With pictures left out, output exactly the lines of the listing below from the line that has "CBSE Class 12" to the line that has "A wide photo", both lines kept.
━━━ Information given
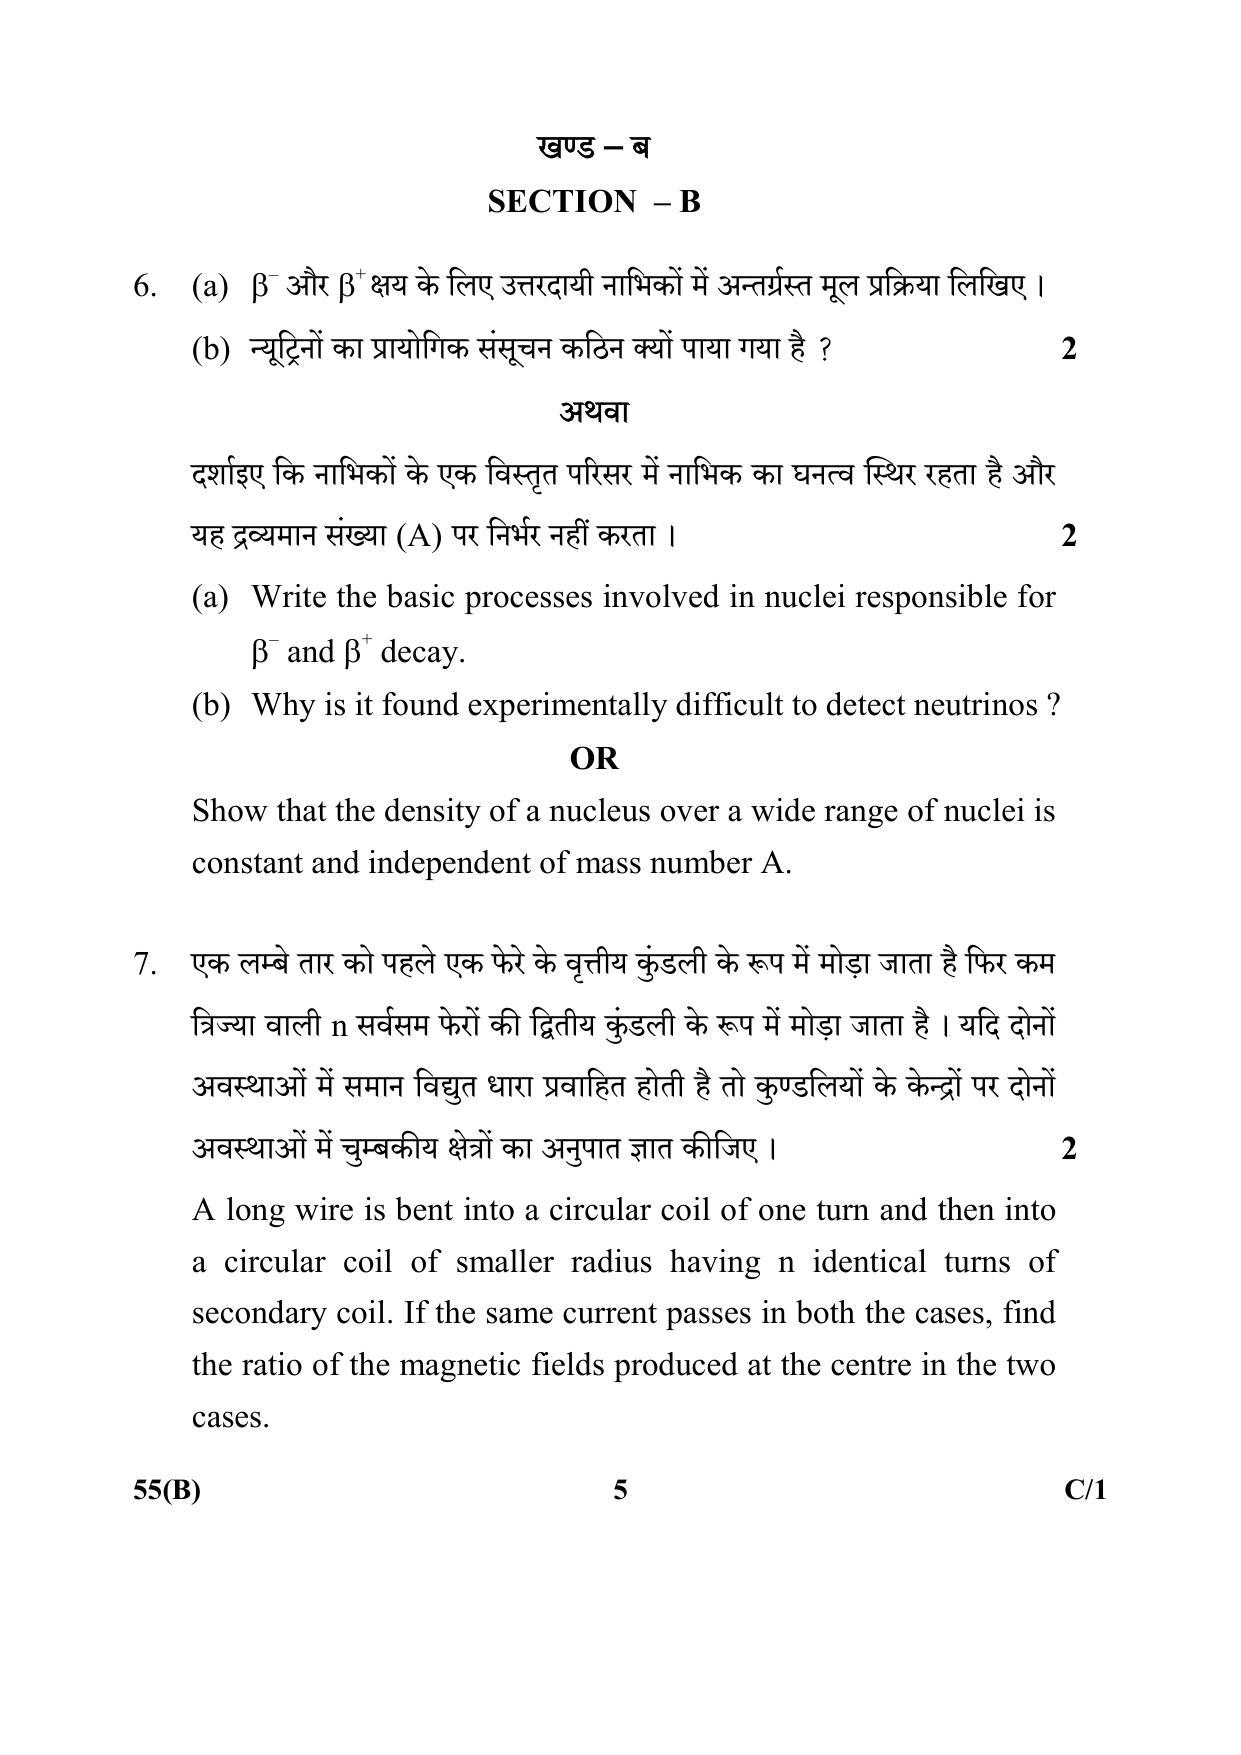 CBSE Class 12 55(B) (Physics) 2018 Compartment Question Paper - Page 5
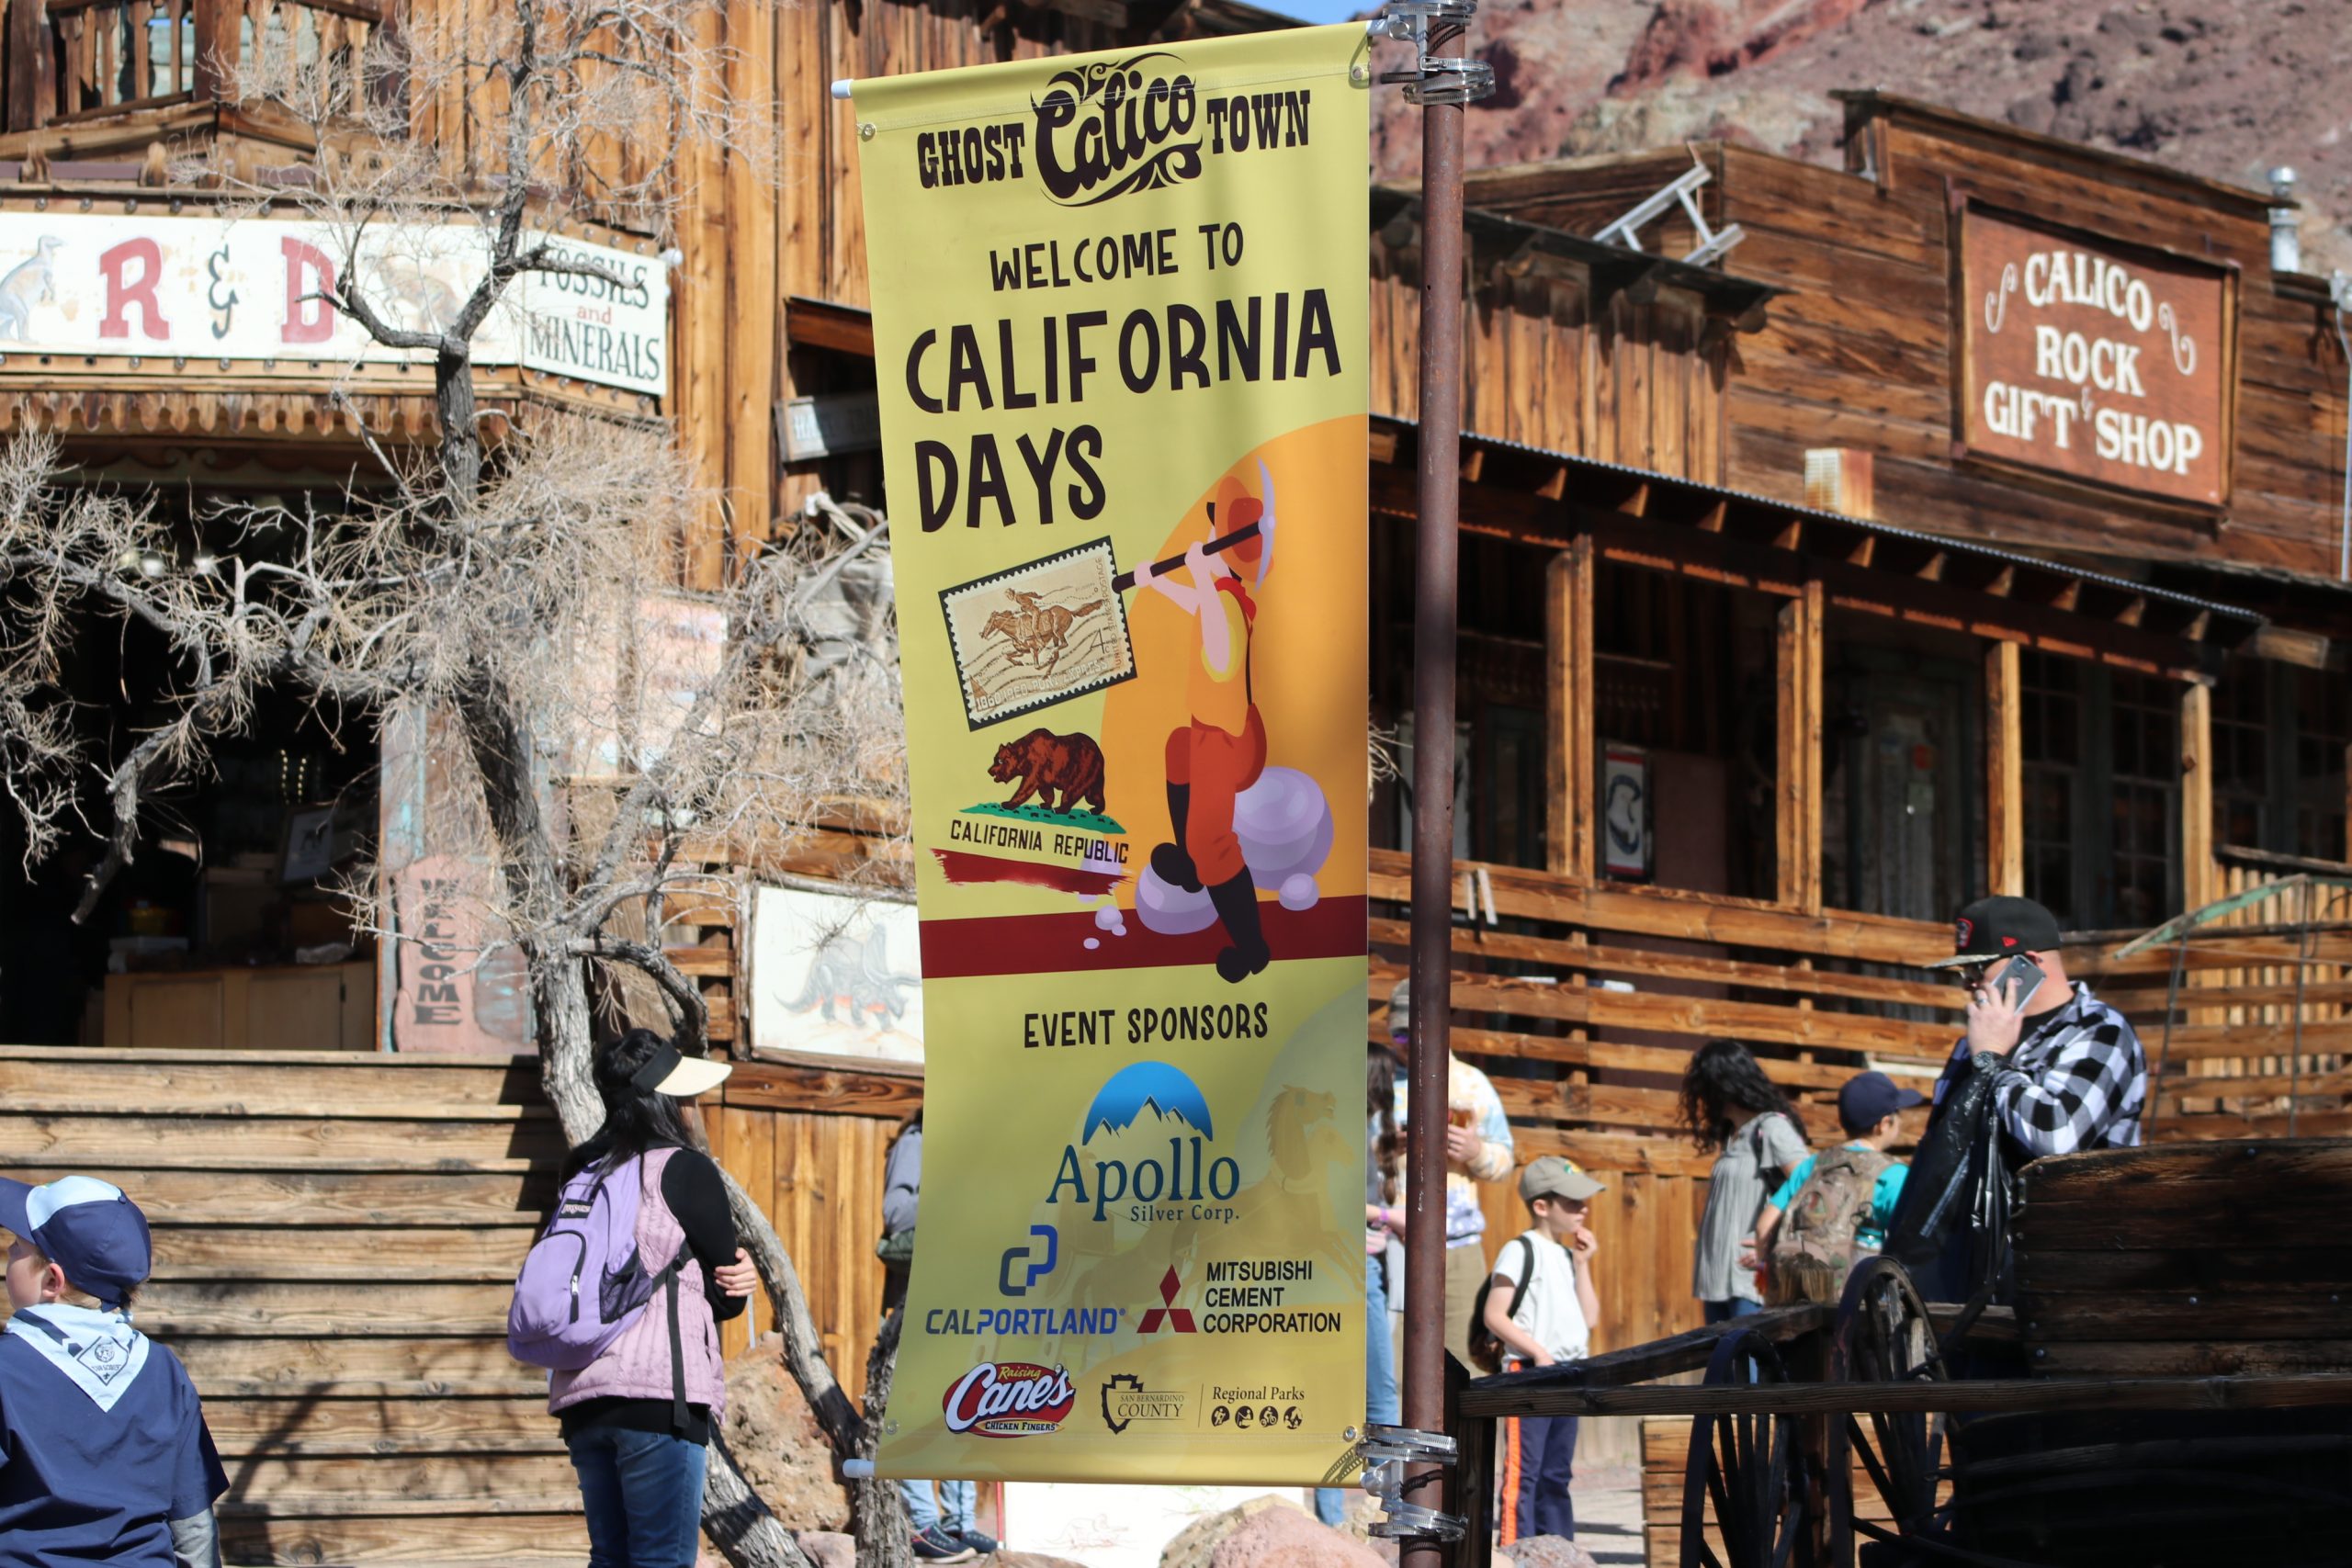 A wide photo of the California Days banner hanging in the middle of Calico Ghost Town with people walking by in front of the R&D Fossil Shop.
━━━━━━
━━━ Information given
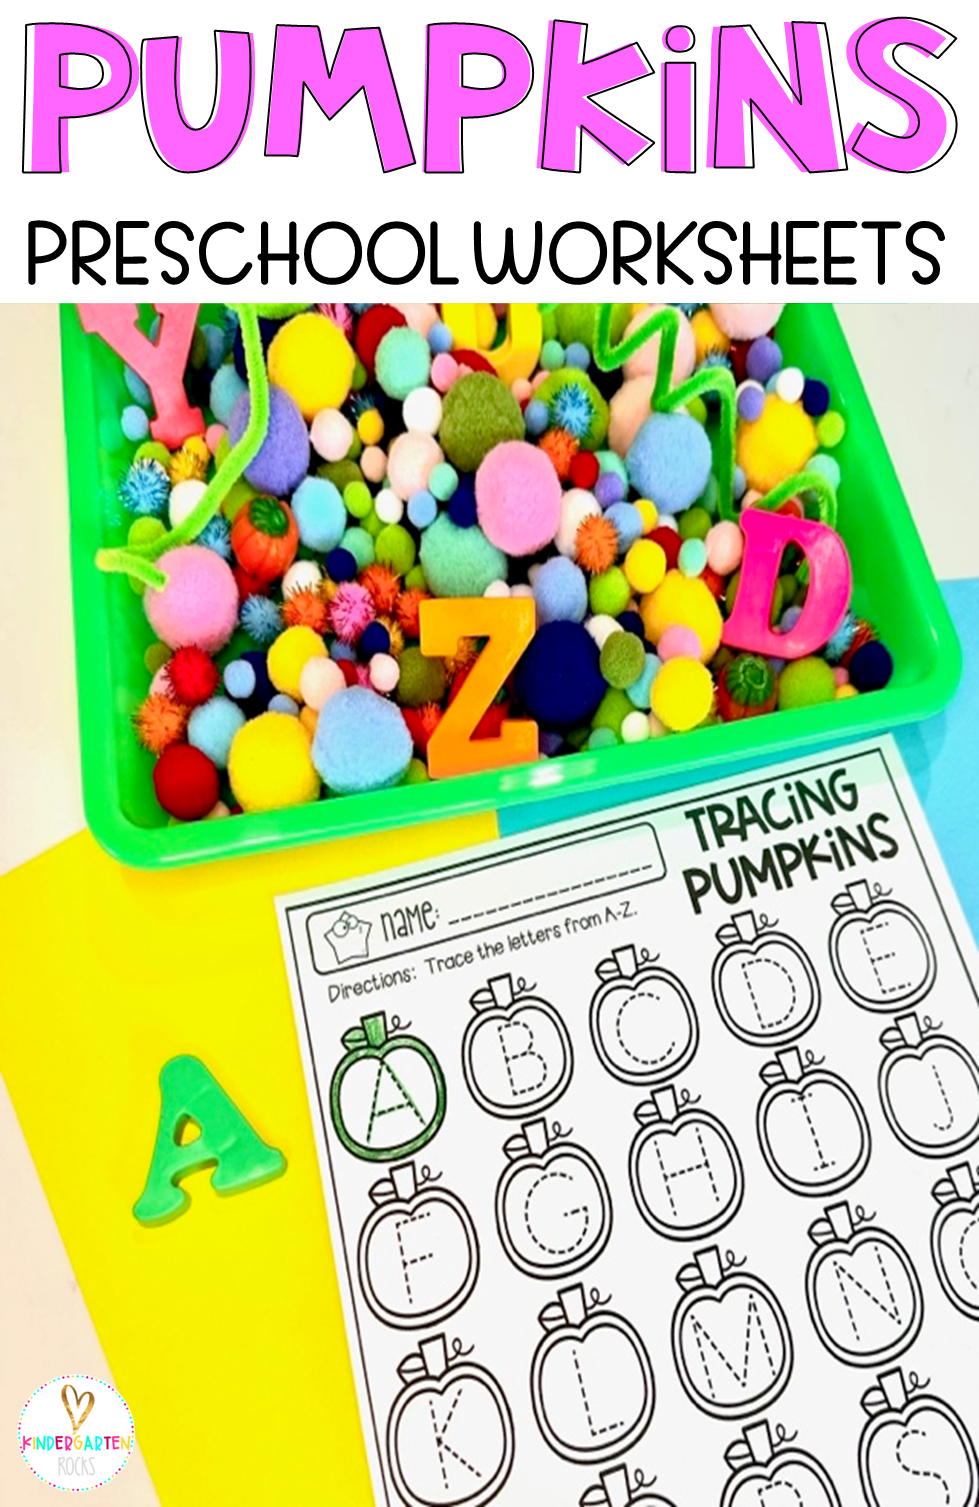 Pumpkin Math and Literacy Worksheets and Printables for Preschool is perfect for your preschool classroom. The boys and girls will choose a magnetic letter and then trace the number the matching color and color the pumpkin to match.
━━━━━━
- Your solution:
 CBSE Class 12 55(B) (Physics) 2018 Compartment Question Paper - Page 5
 A wide photo of the California Days banner hanging in the middle of Calico Ghost Town with people walking by in front of the R&D Fossil Shop.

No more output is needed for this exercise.